Category Archives: Personal

Nighttide Walk

I’ve been out wandering the colorful nighttide. (Still one of my favorite words.) The colors and sky have been worth seeing. I enjoyed seeing the little house cat in the industrial building, its paws raised up behind the dirty glass of the front window. The fox that darted across the street in front of me, headed to the creek. A couple of rabbits, one dog wandering and wanting to be petted, goats in their enclosure, a few bats, and a variety of birds that I collected on my Merlin app. The wind has been blowing the entire time, rustling the trees and foliage.
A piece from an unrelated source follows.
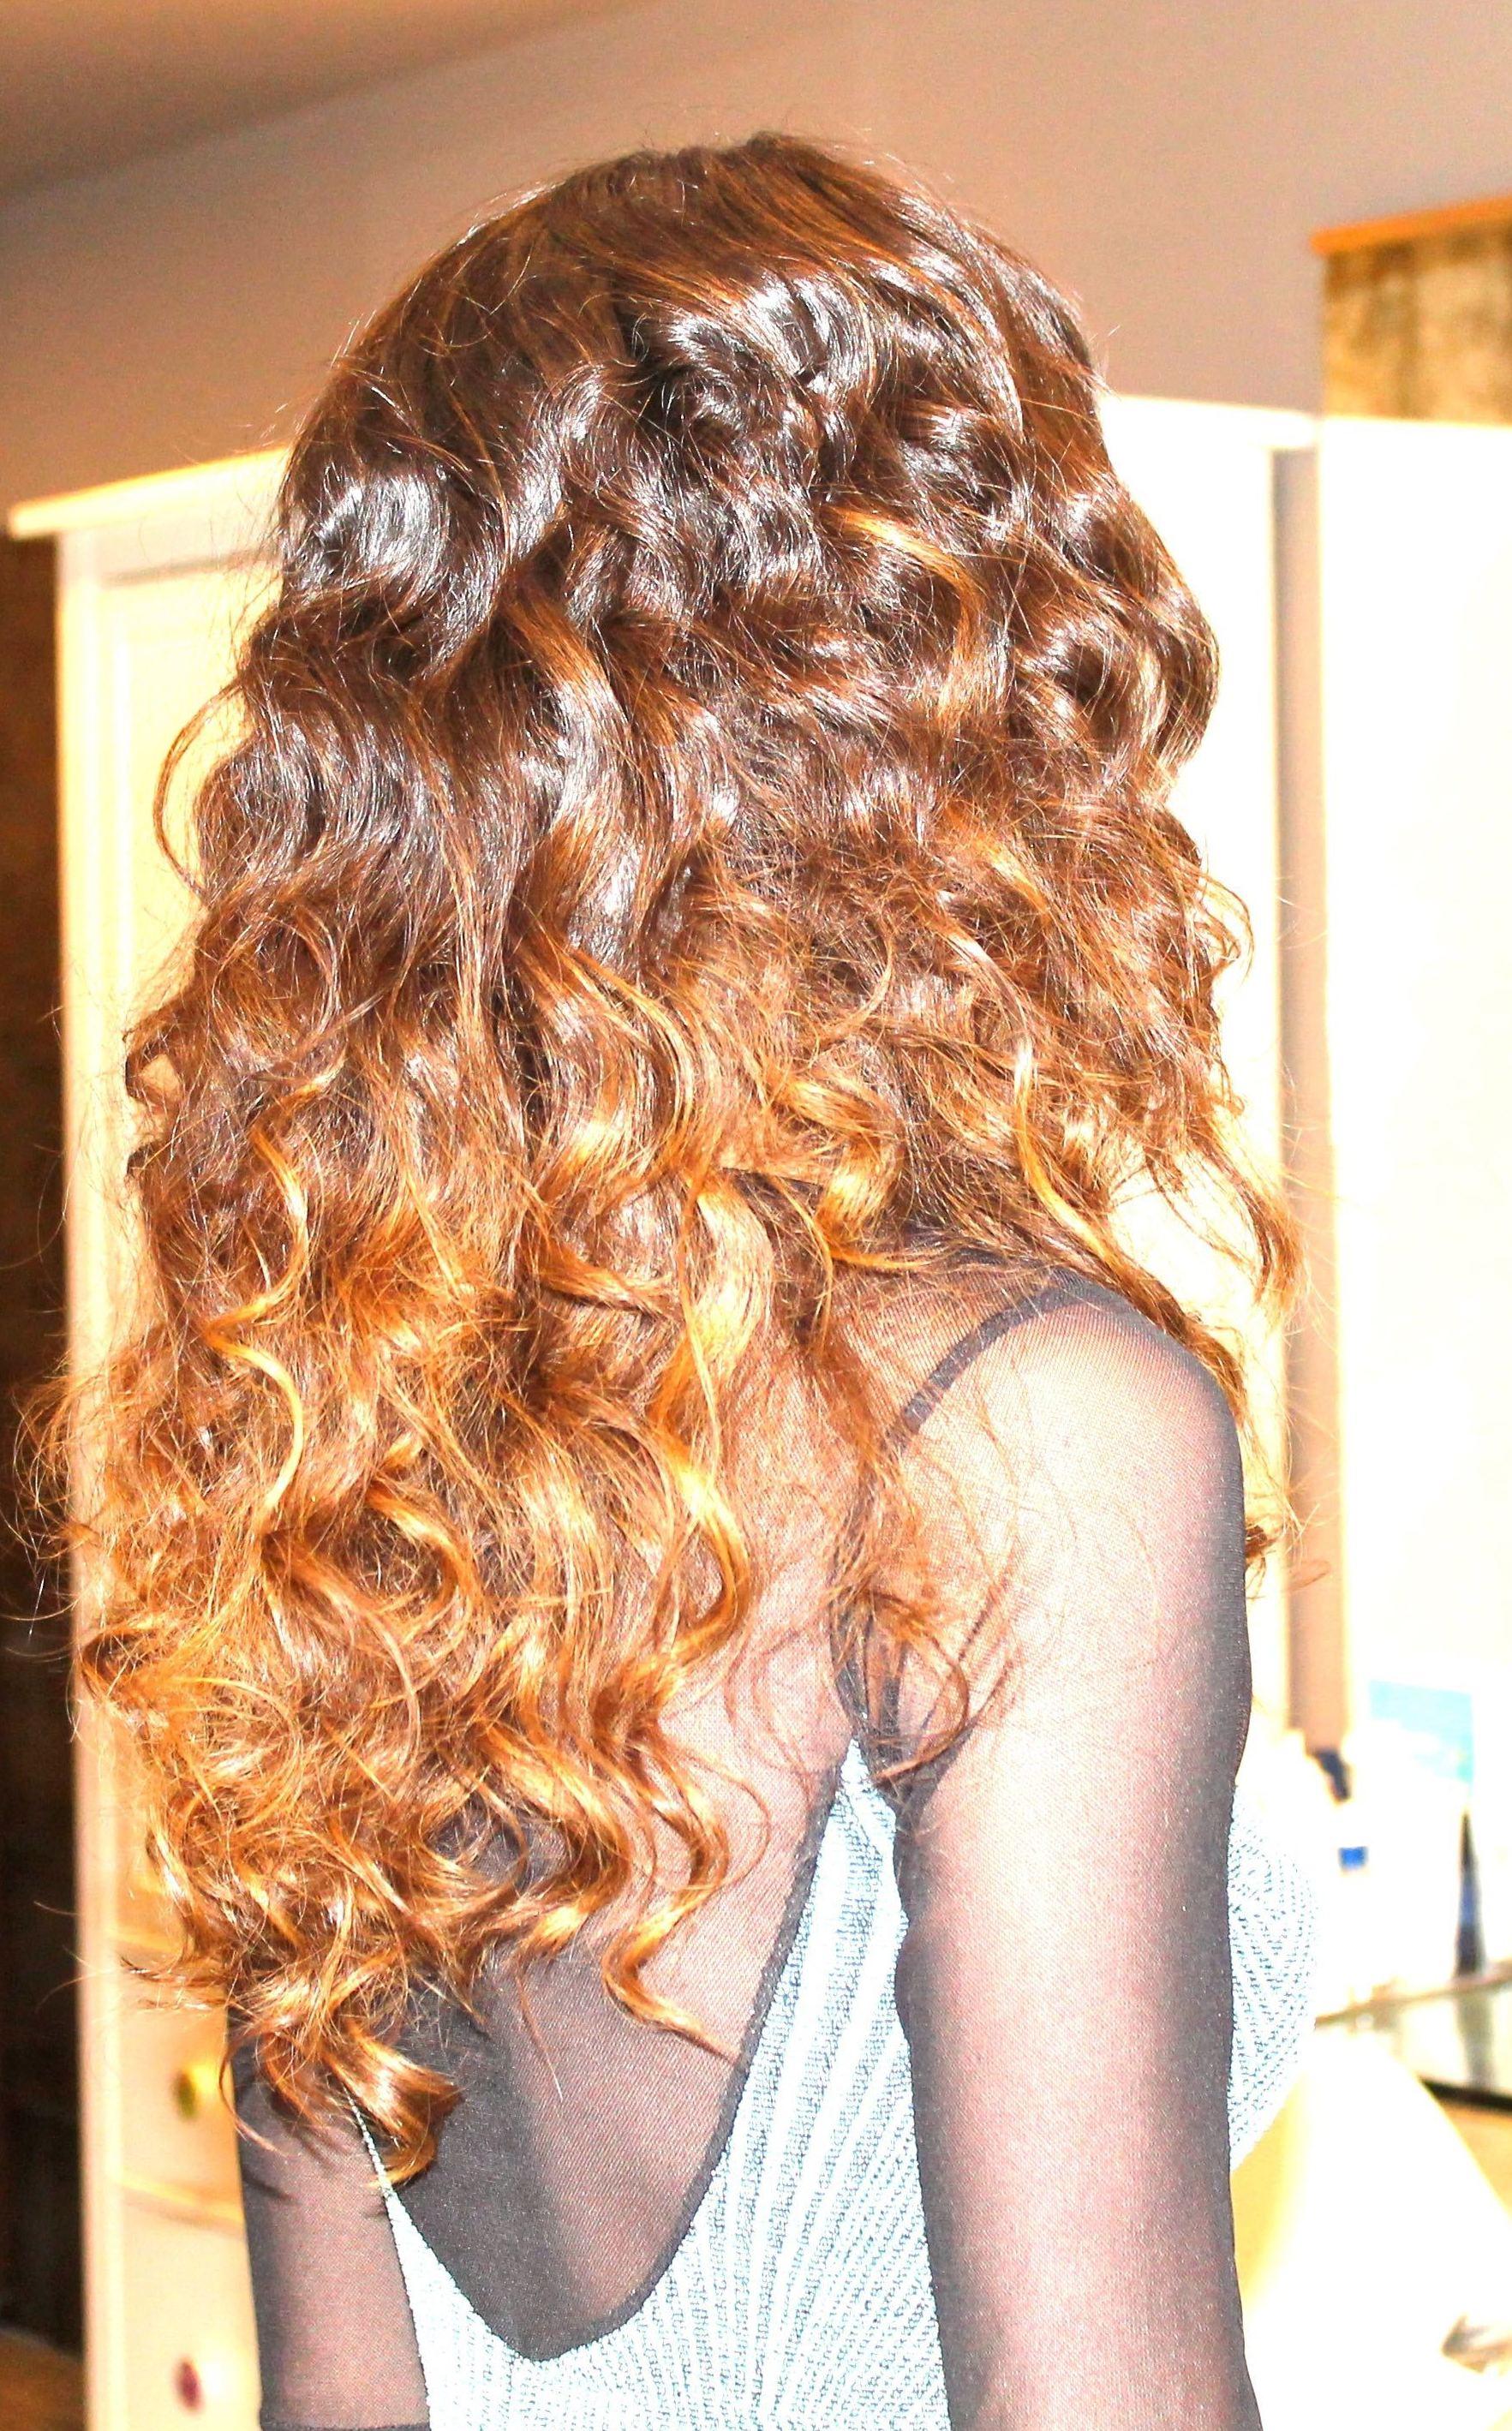 Peinados: Servicios de peluquería de Sonia Atanes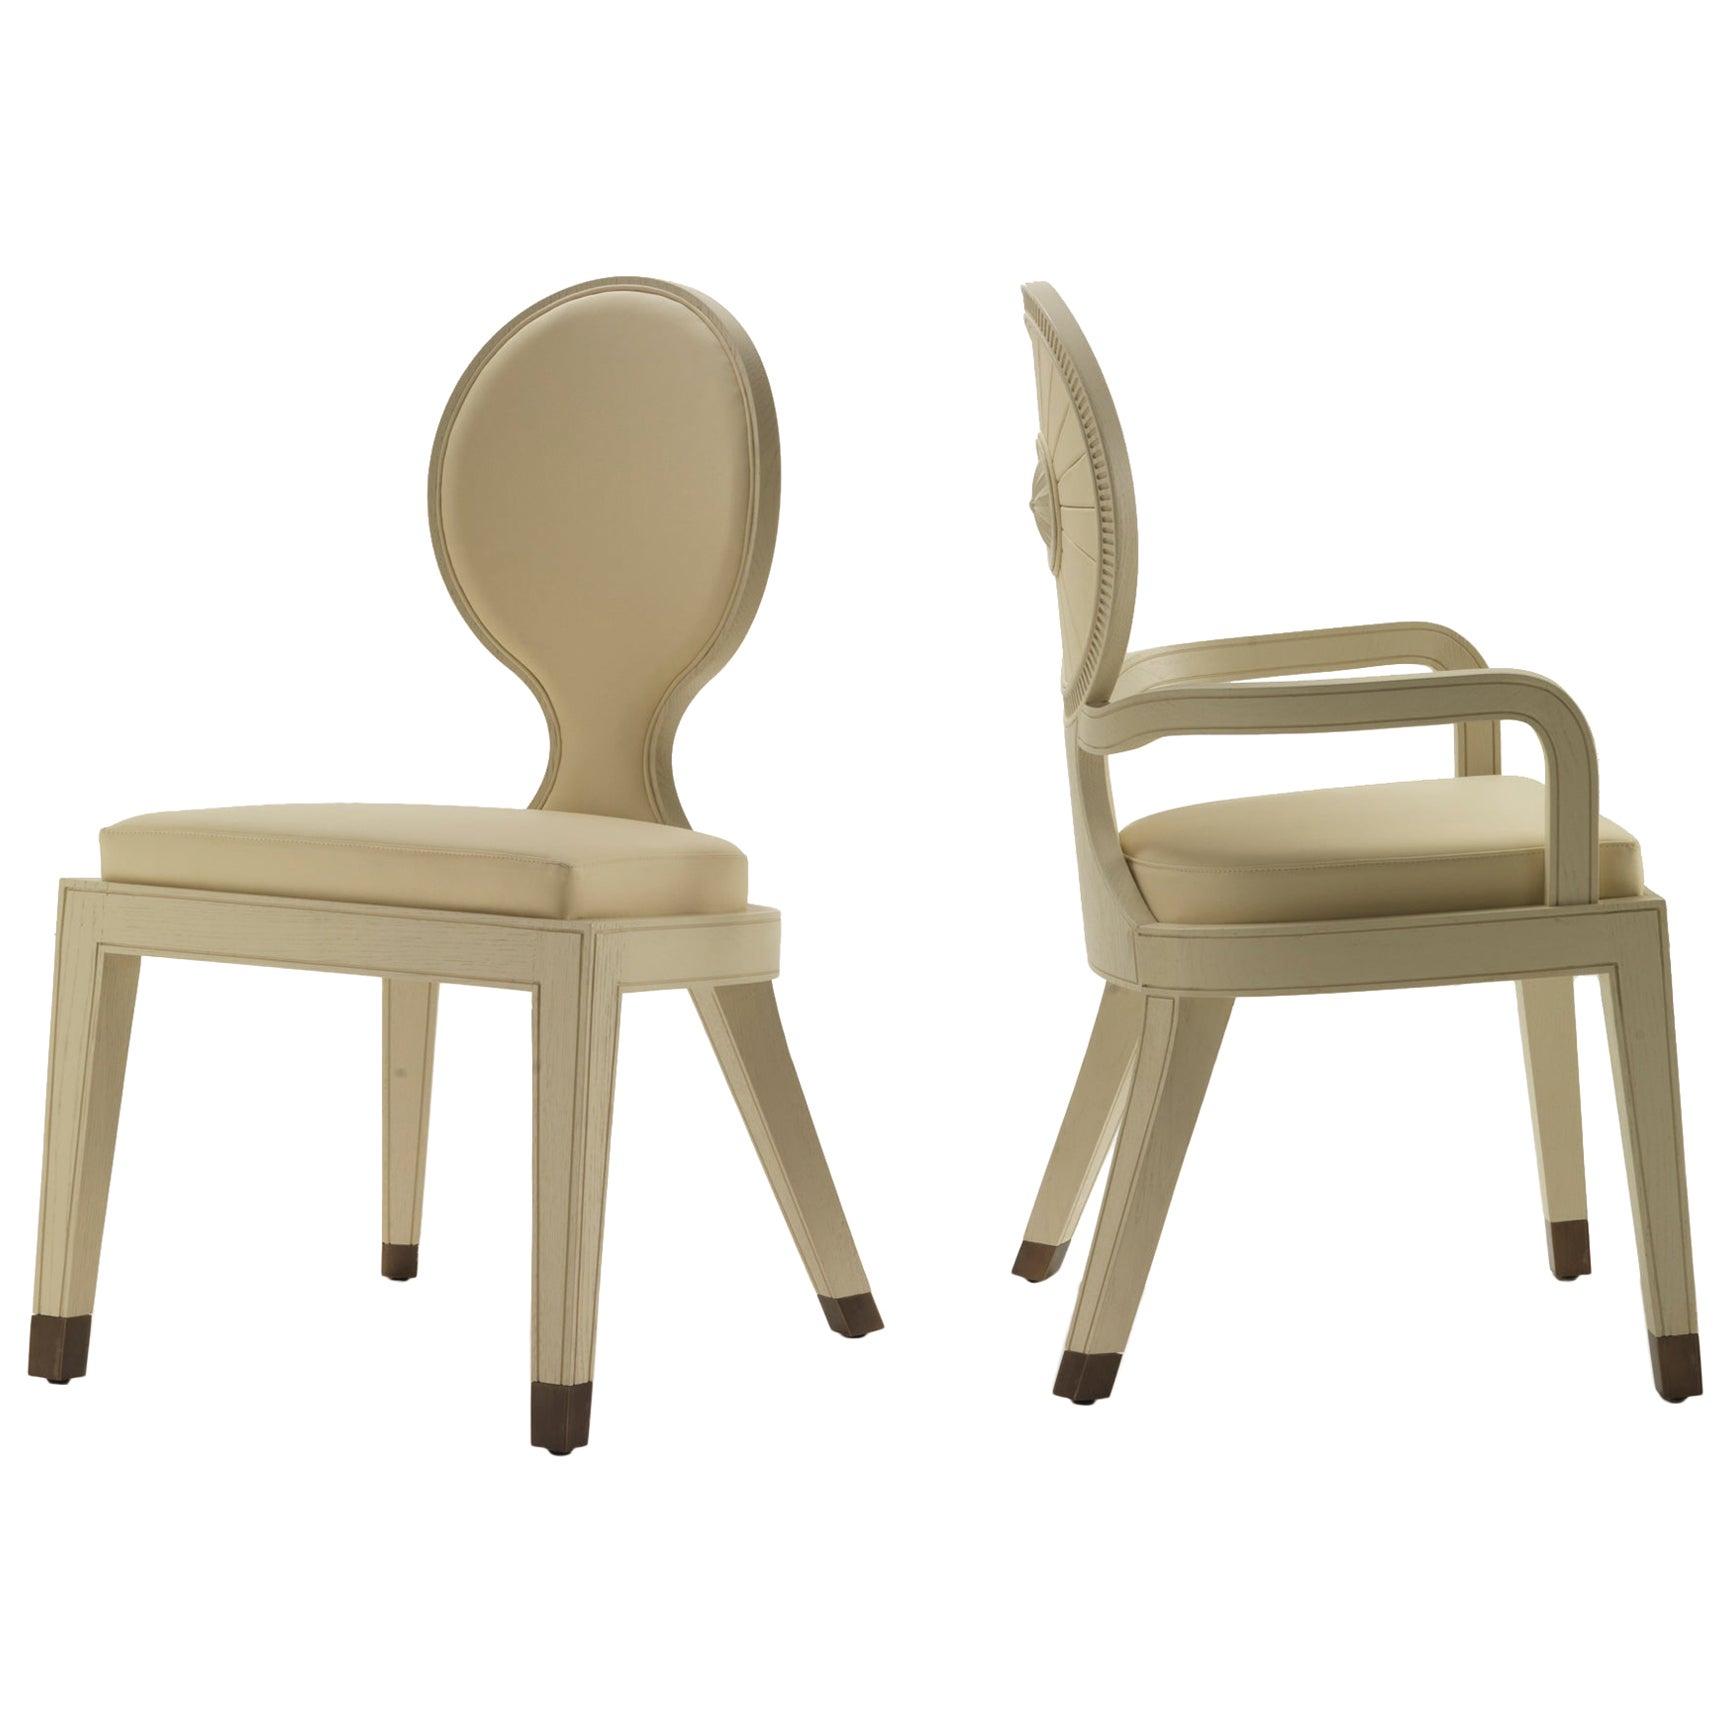 Moon & Sun Dining Chair in White Oak Finish

I saw a couple of people who were ill-advisedly still up from last night. One of them was sitting by the creek on the large rocks along its banks, enjoying a beer. I don’t normally walk in the creek barefoot so early in the morning, but I couldn’t resist. There are a few places near my apartment where the sky opens up and are relatively uncluttered. I sometimes forget how much a juxtaposition the area is. The world is unfortunately waking up now. But I owned it for long enough this morning. 

PS I got to pet a squirrel after work yesterday.

A Symptom Of Being Human

For all of you out there who sometimes need a song blasting on the way to work… Find “A Symptom Of Being Human” by Shinedown. I’ve listened to this song multiple times with a critical ear, trying to pinpoint what exactly this song embodies that provokes an emotional reaction in me. The closest I can come Is that it invokes a nostalgic feeling without being tied to a specific time period. It’s a song about mental health and having empathy for every human soul who crosses your path. Even toxic bastards, managers, baseball fans, and registered voters.  It’s Thursday which means you’ve made the mistake of delineating your days as if one has more importance than any other. 

X

.

Chad

Am I the only person who has infrequent yet regular interactions with someone simply to pretend to be annoyed? A few weeks ago, a man in a blue sedan was going at least twice the speed limit down the hill toward the Scull Creek bridge.  I had more than enough time to cross the street, so I did. The man in the car stopped very quickly considering the speed he was going. He backed up a little and put his window down. I will call him Chad. I calculate there is a 1 in 74 chance that is his actual name. 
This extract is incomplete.